I'm ok. I try hard to do what I feel MJ would do, or want. That has helped me cope.
Other than that, just depends on what's going on, what ppl are talking about or what I'm talking about. I catch myself in mid sentence just as fine and can be then unable to finish the sentence without crying wretched and bitter tears.
I thank my God above that I had no place to go for the last two days. I would have been completely unfunctional.
I feel better after sponsoring a child from Chile. I did what Michael would love us to do and the acceptance of his death came into my heart. I grieve but the healing proecess already started. I started eating, I smile and feel in peace between cries. I so much in the given situation
Well i've been crying on and off and for the past few nights i have had drinks just to put me to sleep. And today i have listened to some of his music but it's so hard because i start to think of how he was when he died and it rips me apart.
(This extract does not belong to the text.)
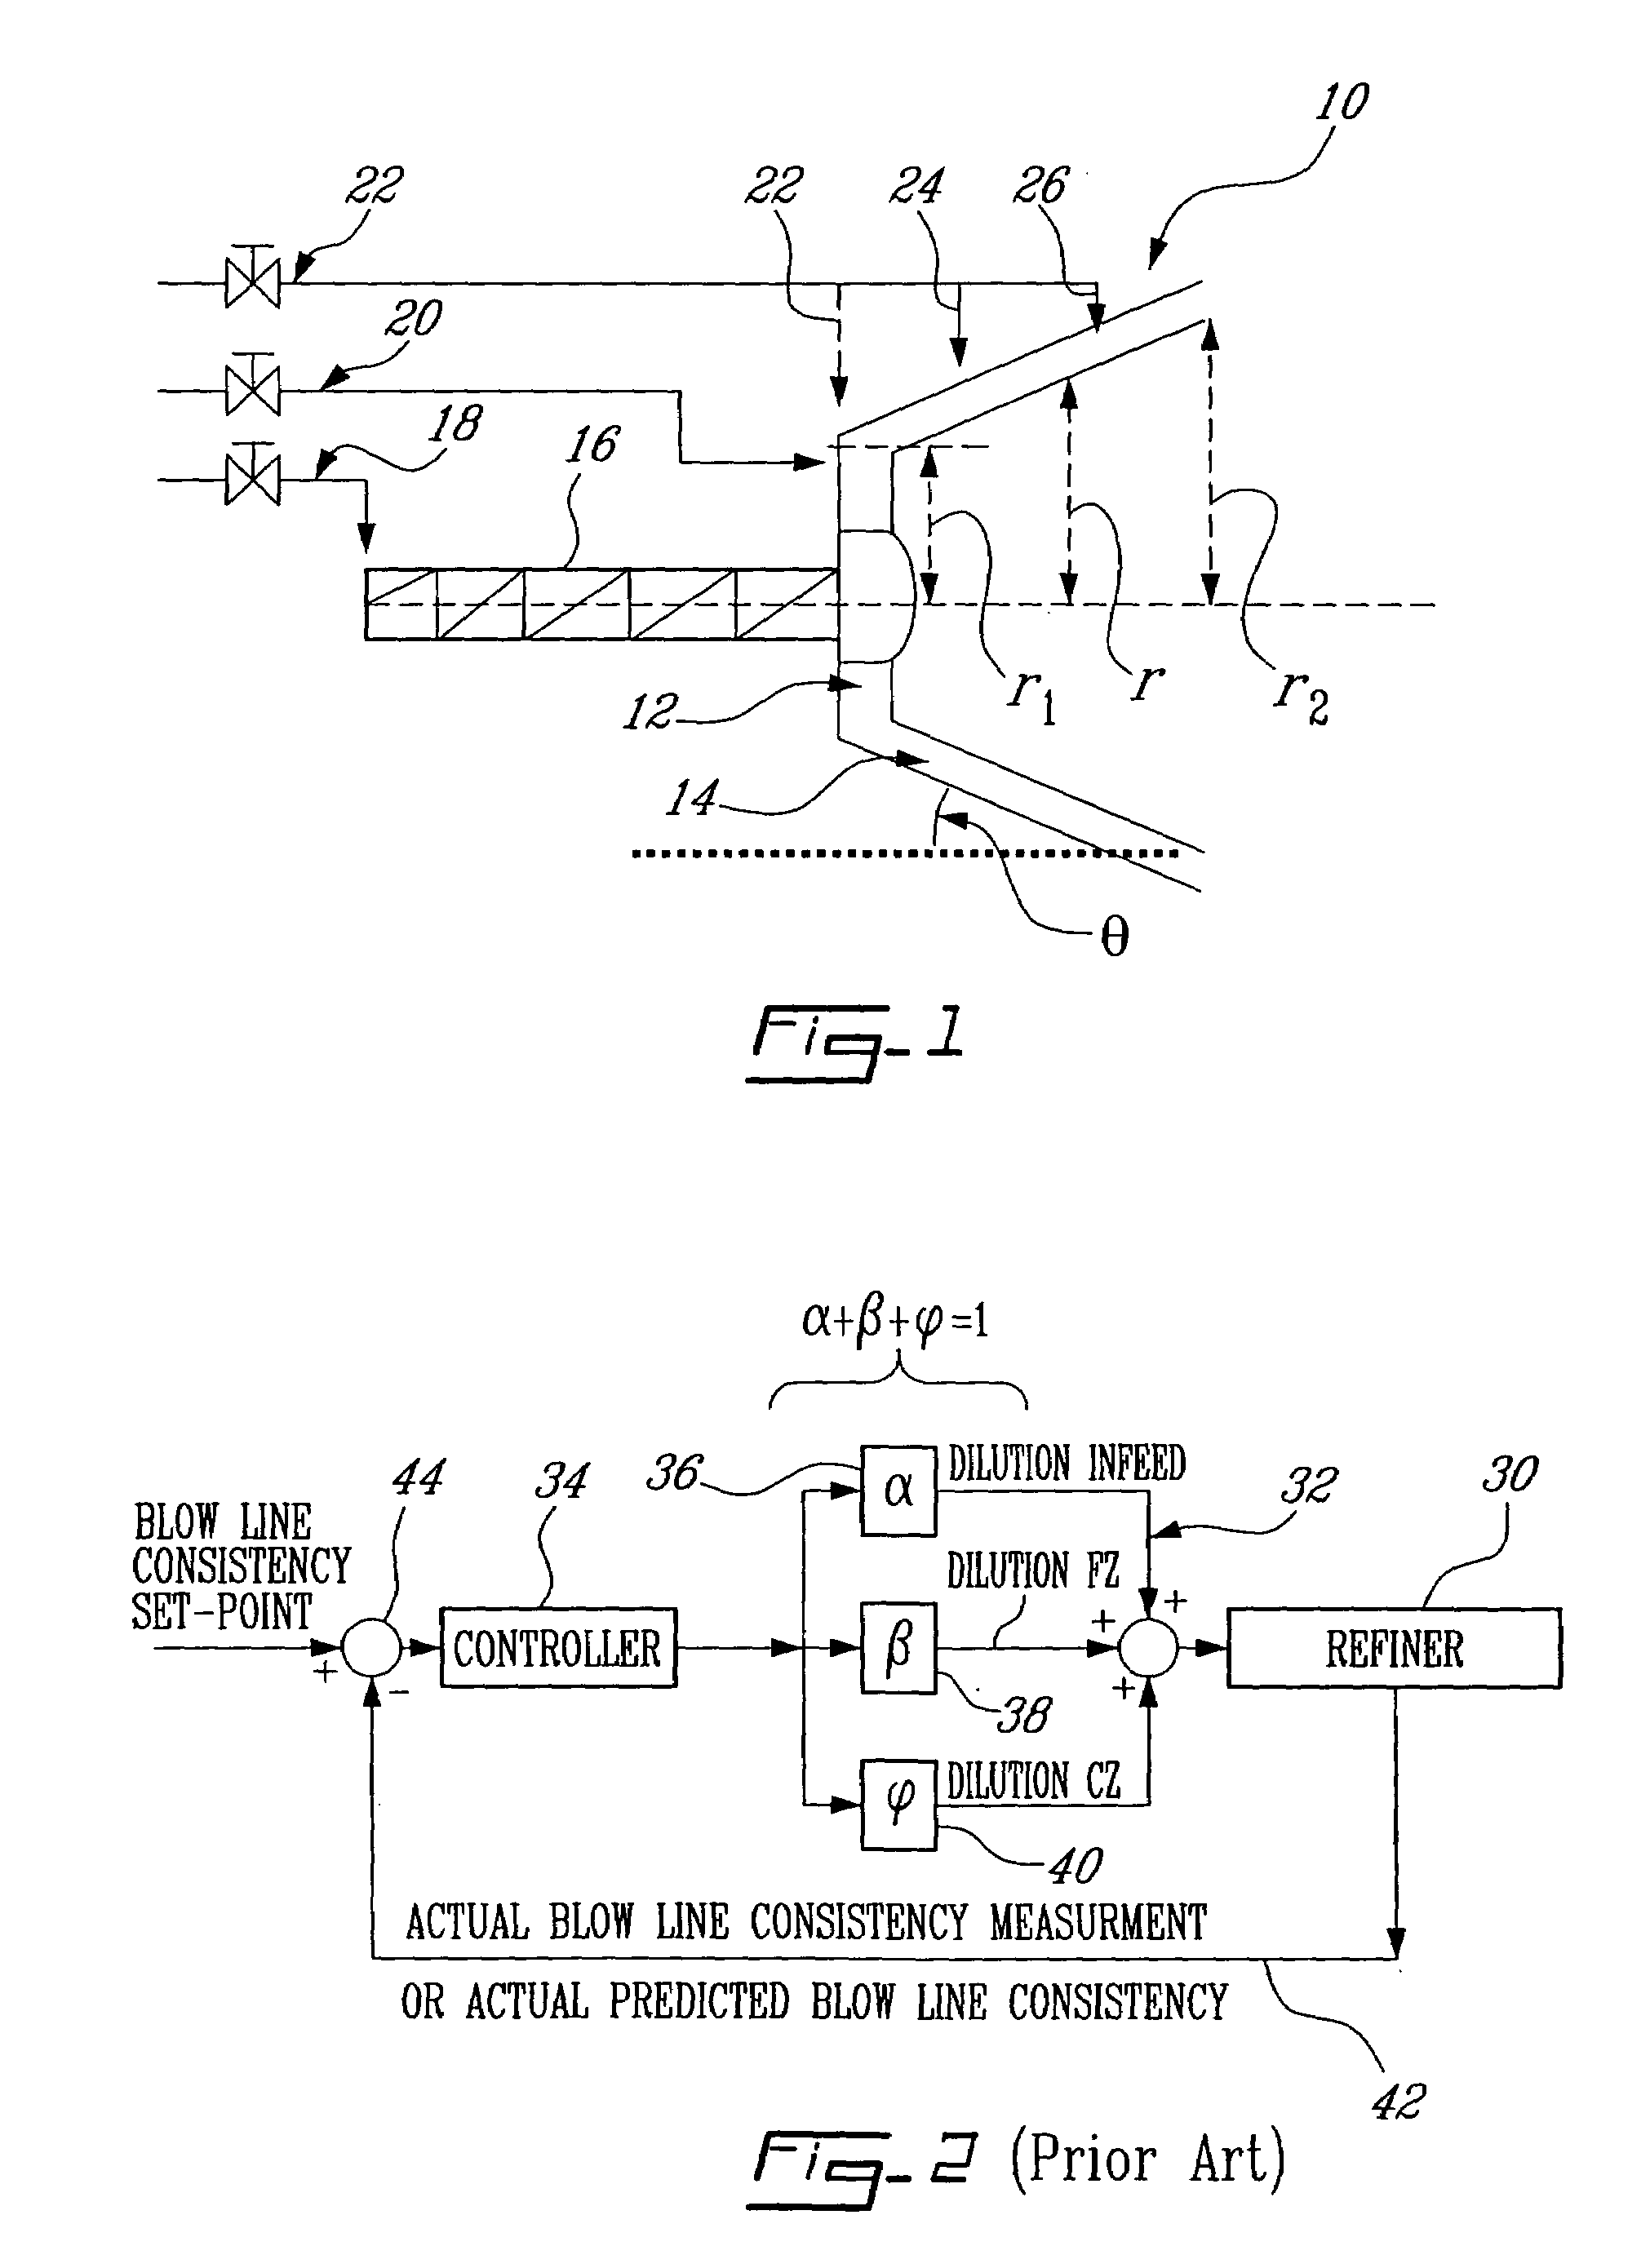 Method of refining wood chips or pulp in a high consistency conical disc refiner

I heard about it on Friday morning on the radio. I had to check the internet to make sure, and then I couldn't stop crying. But I had to go to work, and was constantly on the verge of tears. Every radio station was playing Michael Jackson all day. When I was home again I broke down crying and watching the news.
I feel better now, though I still can't believe it. Sometimes I believe there's a way to turn back time, that's when I feel ok. But then reality hits me again.
I constantly listen to his music, now more than ever.
My grief has just changed shape: instead of constant crying I feel numb with a heavy heavy heart that weighs me down. I haven't been able to listen to his music, cannot watch the programmes about him, daren't look at the news. I feel so low. Only time in my life when I have felt similar was when my first love broke up with me. I loved him so much and knew that he loved me but circumstances were difficult. Still I would not have given up. I think I cried every day for 8 months. That 4.00 am waking, feeling like part of your soul has died, that is the same.
The difference though is that I had hope then that things might change - we could get back together or I might eventually meet someone else. Please don't think this sounds like a trivial comparison because it was really the worst time in my life until now and I am 26 and this was when I was 17. But with Michael, nothing is going to change, he will never be alive again. We will never see pictures or hear him walking along singing 'Smile'. I find this hard to cope with. I'm not going to commit suicide or anything like that because I could not do it to my family, but in a way I look forward to death because then I will meet him and I will understand everything. I know that life is precious but really it is just not the same knowing he no longer walks this earth with us. My heart aches for the children as well - their unimaginable pain. The eldest ones are old enough to understand so they will really feel every second. It is so, so sad. I can't find any relief other than when am with friends and I might forget what has happened for a few seconds.
If anyone has found any comfort please share. Love all xx
Although it is all still surreal to me, I am doing ok. I am listening to his music and when I saw what went on in the philippenes and in london, the dances, the spontanious moonwalks in the street, I couldn't help but smile.
For once the streets aren't dominated by negativity, but are coloured by fans all over the world who celebrate the legacy of the man who has been a part of so many lives for so long. I gives me strenght and I feel blessed to have been a part of what can only be decribed as a magical experience.
The one thing that does throw me off my feet are all these messages of fans taking their own lives. I cannot bare the thought of Michael and his family feeling responsible for the loss of these lives.
Hang in there guys. If you have ever lost anyone close to you, try to remember how you got through it. Trust me, you can do it and if you feel like you can't please go and talk to someone. I know we all thought of michael as being invincible but inside he was still a mortal man just like the rest of us. We are all truly fragile beings and this world is but a temporary home for all of us. If anyone needs to talk please pm me.
I don't know.
I feel calm and I'm over the first shock, I think. But I don't think about it very much either. I don't know am I deniying the truth? I just don't think about it, and when I do - it feels so strange. I have this empty feeling in my stomach.
I listened to Michael's music yesterday and I just didn't feel anything. Not sadness but not very much joy either.
I think I'm getting better but I'm not totally used to this feeling yet. Feeling of living without Michael.
ps. Especially thinking of his children, TII and the last rehearsals makes tears come to my eyes.
i know how you feel, i'm 19, such a long time to go before seeing him again. But you know what, we have many years in which to spread michael's love and help heal the world. I only became a fan 2 years ago - the best 2 years of my life, once you've been touched by michael's love, you've been be blessed for life.